You might be amazed by the number of similarities between an ETF and a mutual fund. Both these funds pool investors' money into different asset categories, can be used to build a diversified portfolio and support a variety of investment strategies. The questions then are, how do you choose between an ETF and a mutual fund, which is better and when?

When you're just starting out as a trader or as an investor, there are so many terms, acronyms and principles to get familiar with that, for some, it might feel overwhelming. When you find the answer to a question, it might just raise a couple of more questions. Such a frequently asked question among young and novice stock investors is related to the difference between an ETF and a mutual fund.

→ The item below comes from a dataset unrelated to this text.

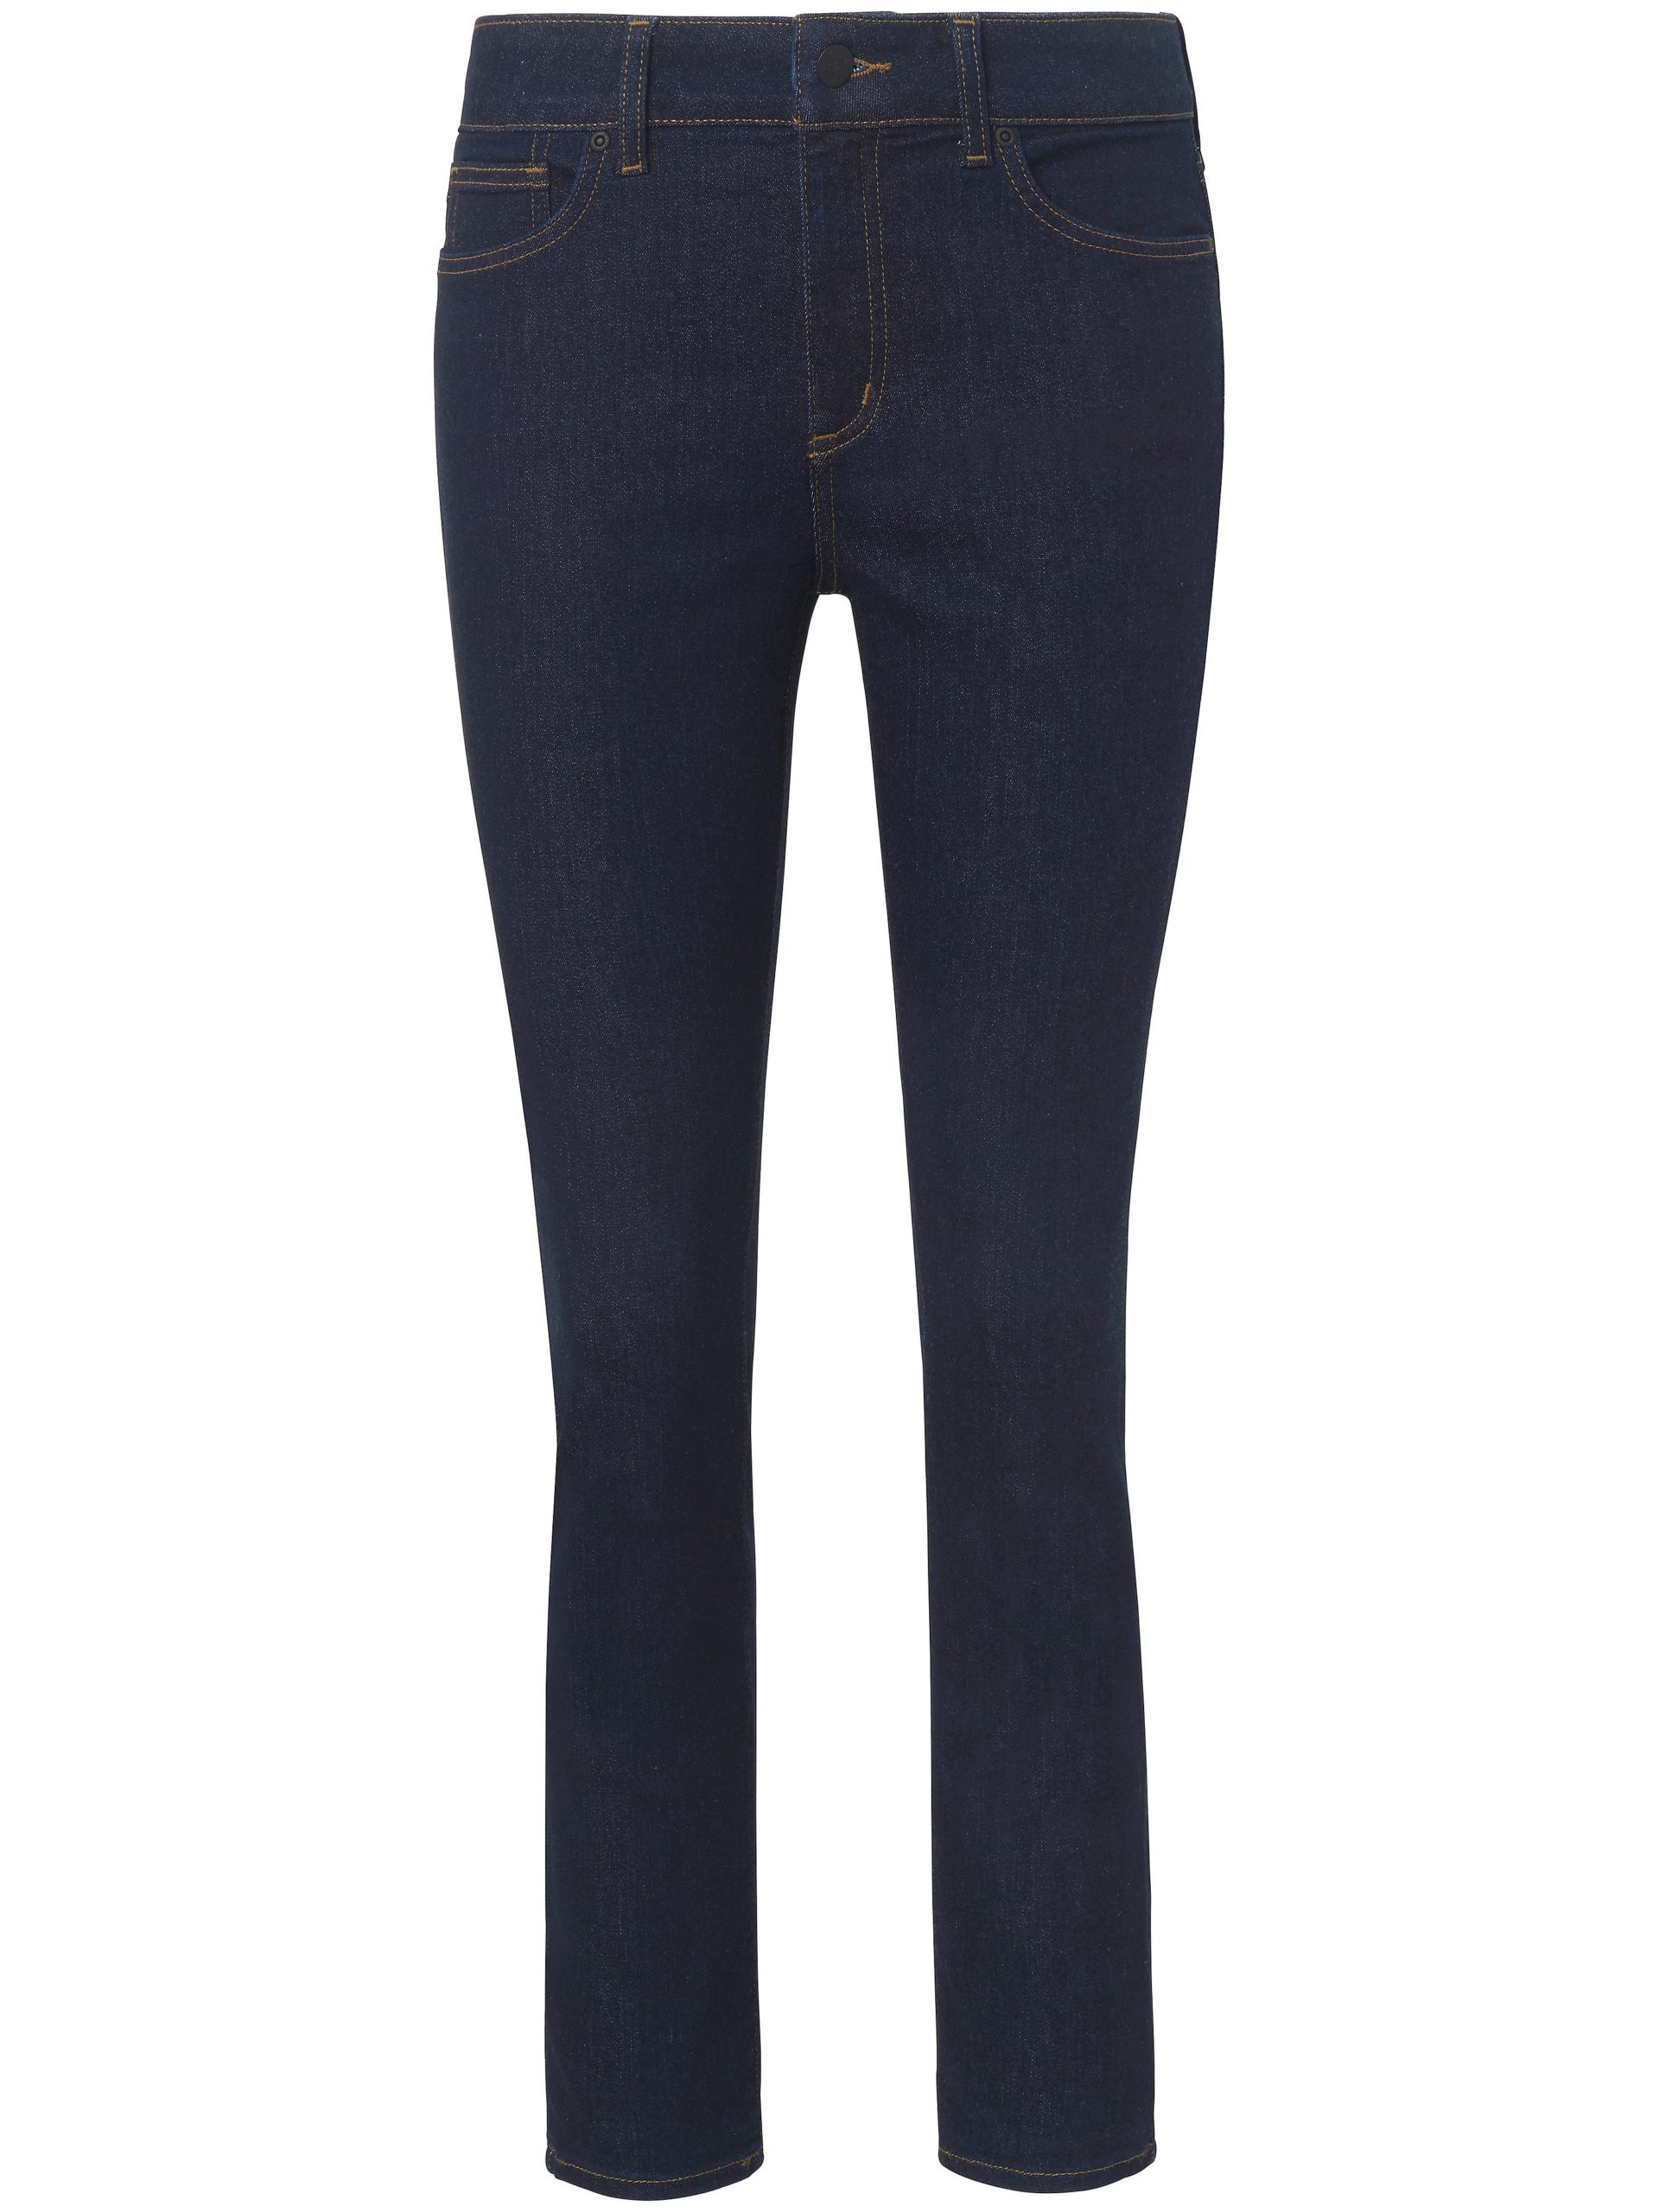 Jeans model Alina Ankle met enkellange pijpen Van NYDJ denim Kopen

In the perpetually changing world of investments, ETFs and mutual funds stand as two of the most popular investments options for those striving for diversification and growth potential. However, these investment vehicles are different in terms of strategy, the way that can be traded, the fees and available liquidity. By understanding the subtle differences between ETFs and mutual funds, you may be able to understand which of these options suits better to you.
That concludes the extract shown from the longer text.